Industrie horlogère

Industrie horlogère : Rumeurs et incertitudes

L'industrie horlogère marque le paysage et les consciences de tout l'Arc jurassien. La production suisse représente à peine plus de 2 % des montres dans le monde, mais plus de 50 % de la valeur. Comptant aujourd'hui près de 60 000 emplois, c'est une industrie volatile, très cyclique, dont la production est presque totalement exportée. Dans les années 70 du siècle passé, le secteur était passé de 80 000 emplois à moins de 30 000 en quelques années. Certains avaient même craint sa disparition.

L'année 2015 aura été celle du retour de tous les doutes ; ça bruisse de rumeurs, des ateliers aux directions, dans les couloirs des administrations cantonales et communales, dans les secrétariats syndicaux, dans les rédactions, partout.

Il y a eu des licenciements durant l'année 2015, des centaines. Chez les sous-traitants, mais pas seulement. Les carnets de commandes se sont sérieusement rétrécis, mais en même temps, des investissements importants sont réalisés pour de nouvelles unités de production, plus modernes. Les exportations horlogères en 2015 ont baissé de 6 %, les emplois ont probablement suivi la même tendance. Globalement, ce n'est pas énorme, mais c'est autre chose pour les personnes touchées. La question est posée: est-ce le début d'une plongée ou une pause avant un redémarrage? Dans les médias, les patrons tiennent à afficher un visage serein, mais dans la réalité le gonflage des stocks en inquiète plus d'un.

Les causes, multiples, de cette baisse sont connues. L'Asie d'abord (Hong-Kong, premier marché d'exportation, en baisse de 37 % sur les deux dernières années), ensuite la Russie et les pays émergents dépendants du pétrole. La force du franc est régulièrement dénoncée tant du côté patronal (en particulier Hayek, patron de Swatch) que des syndicats. Pour l'instant, la baisse des ventes n'est pas liée à une perte de parts du marché mondial, c'est plutôt le marché qui se rétracte. A tout cela s'ajoute une inconnue technologique: quel sera l'impact des montres connectées? Vont-elles tirer les prix du marché vers le bas et quelle place l'horlogerie suisse pourra-t-elle s'y faire, face aux géants des téléphones portables?
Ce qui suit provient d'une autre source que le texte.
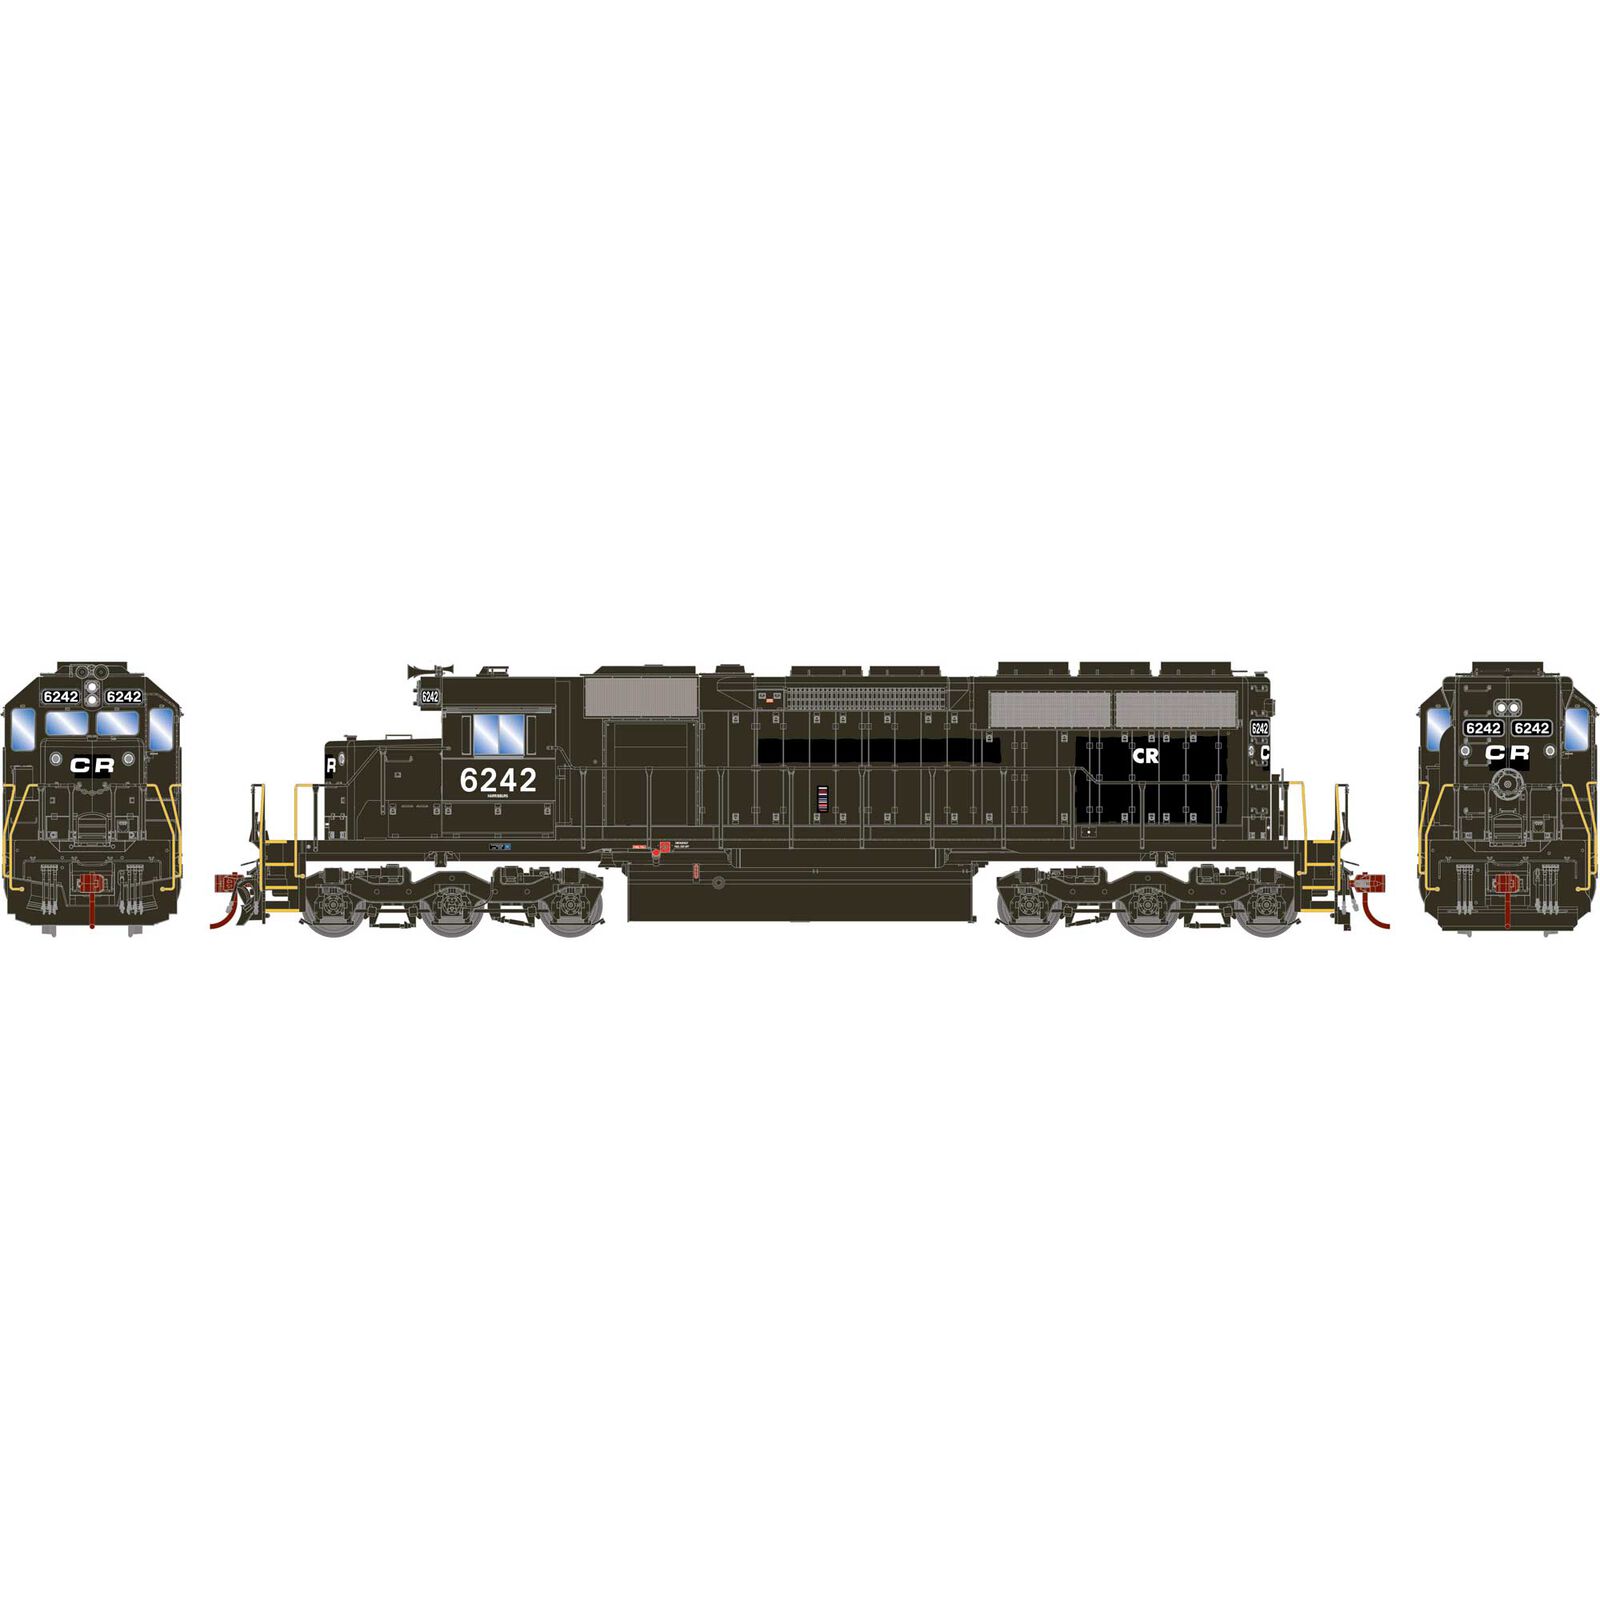 HO SD40 Locomotive, CR / PC Patched #6242

L'incertitude domine donc, et le spectaculaire rebond de l'horlogerie suisse après la crise de 2008 touche à sa fin.

 

 

Une CCT à renouveler

L'horlogerie suisse a toujours été un secteur important pour le syndicat Unia. Il y a beaucoup de membres et la convention collective de travail est taillée sur mesure pour encourager l'adhésion au syndicat. Le partenariat social (discussion entre patrons et syndicats dans le respect de la paix du travail) règne en maître ; les patrons horlogers y sont très attachés, car la valeur d'une montre n'est pas tant de donner l'heure, sa valeur symbolique est bien plus importante ; son image de marque est un mélange de travail bien fait, de quasi-artisanat, d'application, d'entente, bien loin du conflit social et de la lutte des classes. Pourtant la vie dans une usine d'horlogerie, avec son travail posté, parcellisé, répétitif, est bien loin de cette image d'Epinal.

La CCT (convention collective de travail) a été reconduite le 1er janvier 2012, dans une période euphorique, et les syndicats se sont déclarés très satisfaits des améliorations obtenues alors autour de la table de négociation. Le prochain renouvellement est prévu fin 2016. Quel sera alors le climat social? L'heure sera-t-elle à de nouvelles améliorations ou au contraire au durcissement et aux licenciements? Cette branche a perdu 50 000 emplois en quelques années sans troubles sociaux majeurs.

Dans les années 70, c'est le renvoi des immigrés italiens et espagnols qui avait agi comme coussin amortisseur. S'il devait y avoir une nouvelle crise majeure, ce pourrait bien être les frontaliers et frontalières qui cette fois-ci en feront les frais, à moins d'une mobilisation ouvrière qu'il ne faut pas tarder à préparer. Pour notre part, comme en 2012, nous défendrons la réduction du temps de travail et les améliorations salariales (en particulier le salaire minimum) ; mais la lutte contre les licenciements et la répartition du travail entre toutes et tous, indépendamment de sa nationalité ou de son origine, viendront peut-être aussi sur le devant de la scène.